I still think of Liam daily. Sometimes when I think of him my heart aches for him. I long for my baby, for Zumwalt party of four, for our dreams of a sibling for Isaac. Other times when I think of him I feel so blessed that he saved my life. It's bittersweet. Most days I can think of him without crying. We got his birth certificate and death certificate today. I felt relieved. It was documentation of his existence. He was real. He is my son. And there is an official record of him.

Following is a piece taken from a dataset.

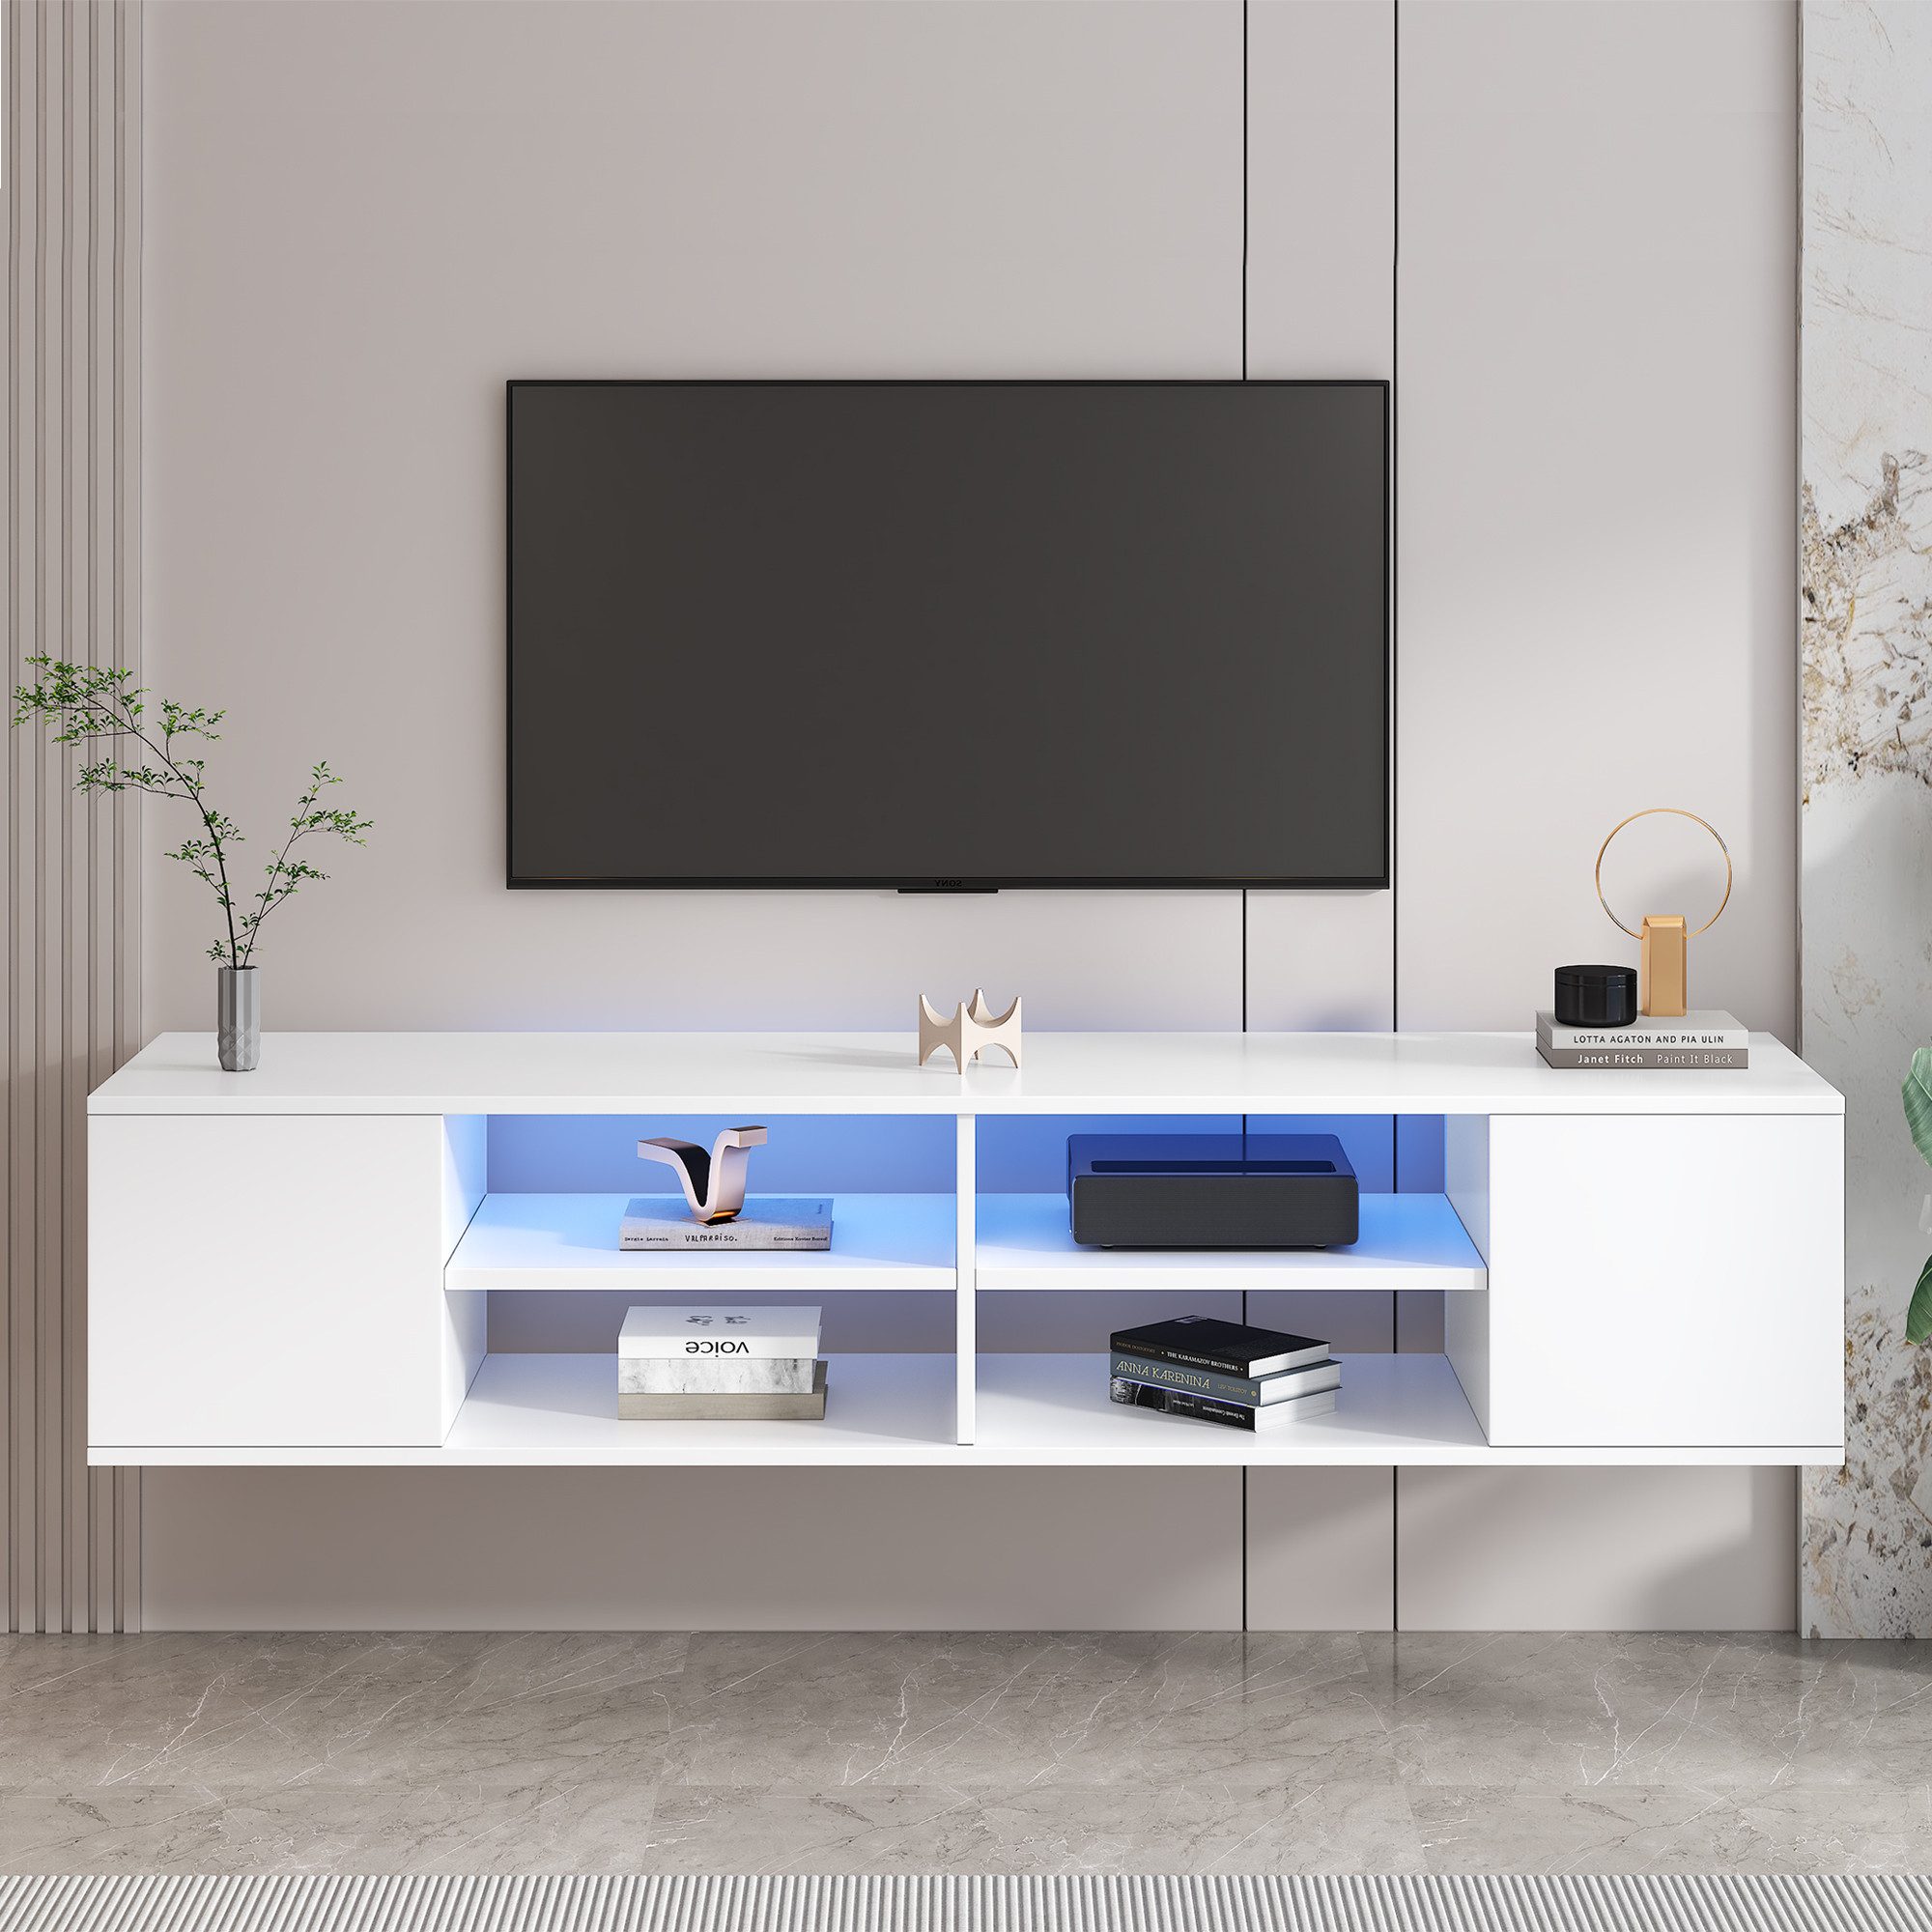 XDOVET TV-Schrank Vielseitiger 140cm Großer Weiß TV lowboard mit LED-Beleuchtung Stehend und Hängend mit Offene Ablagefächer an der Vorderseite

I had someone tell me "congratulations on your baby" today. I had to quickly inform her that my baby didn't make it. She of course felt worse I did. I actually like talking about Liam so it was an opportunity for me to tell her how he saved my life and without him I may have worse kidney damage. Liam is my hero.

I've made significant progress physically as well. The protein my kidney's are spilling is down from and all time high of 13 grams to 2 grams as of last week. My anti-DNA which is the test for active lupus is down to 2, which is great since the goal is less than four. My kidney function is back to normal range. My steroids have been reduced to 10 mg from 60 in the beginning so again, I'd say that's progress.

Finally, I think our biggest accomplishment in the last 11 months has been keeping most of the peace lillies alive that we received for Liam's funeral. There were some that had questionable fates, but we were able to pull them through. What a relief.

I'm sure we will have a lot of emotional moments in the next month. This time last year our nightmare was just starting. I didn't see it then, but I'm starting to see the light at the end of the tunnel. We've almost reached the top of the hill. It was hard work, but necessary. We couldn't have made it this far without our faith, family, friends, and prayer.


Tuesday, April 5, 2011

I Was Born This Way

So I thought I'd blog about my Lady Gaga experience. I've been to a lot of concerts in my life and this was one of the most fascinating concerts I've ever experienced. Here are a few of my observations:

  • I didn't realize spanx could be used as outerwear.

  • Lady Gaga has to be one of the most fit people ever since she sang live and danced for TWO hours straight.

  • I could have saved a lot of time trying to figure out what to wear if I'd just worn my bra and underwear like half the people there.

  • Drag queens smell good.

  • Those crazy Kansas/Phelps church people have nothing better to do than to drag their kids out in the cold to spread hate. I'm pretty sure God doesn't "hate" anyone despite what they say. They even called me an abomination. Rude.

  • Lady Gaga has a very diverse fan group. It ranges from freaks all the way to completely normal people like me. There were all kinds of people there.

  • I was one of the most conservatively dressed people there. I really had nothing Gaga worthy in my closet.

  • I need to shop for some sparkly clothes for next time.

  • The loud noise didn't unclog my ear.

  • I am way to old to be out at concerts that last until midnight.

I'm can be fairly conservative at times, but I am a fan of Lady Gaga. I find her very interesting and think she is really talented. I get that she is controversial and very provocative, but I think the true "haters" haven't taken the time to learn about her. She has a very strong anti-hate message and continuously stresses the importance of being yourself and ignoring the haters, hence "Born This Way". She tells her fans to believe in themselves and to be true to who they are and in doing that they can achieve anything they want to achieve. I'd say that's a fairly important message and lesson most young people struggle with. So, props to Lady Gaga. Well done. I'd pay to see you again...if the concert starts at six and is on a weekend.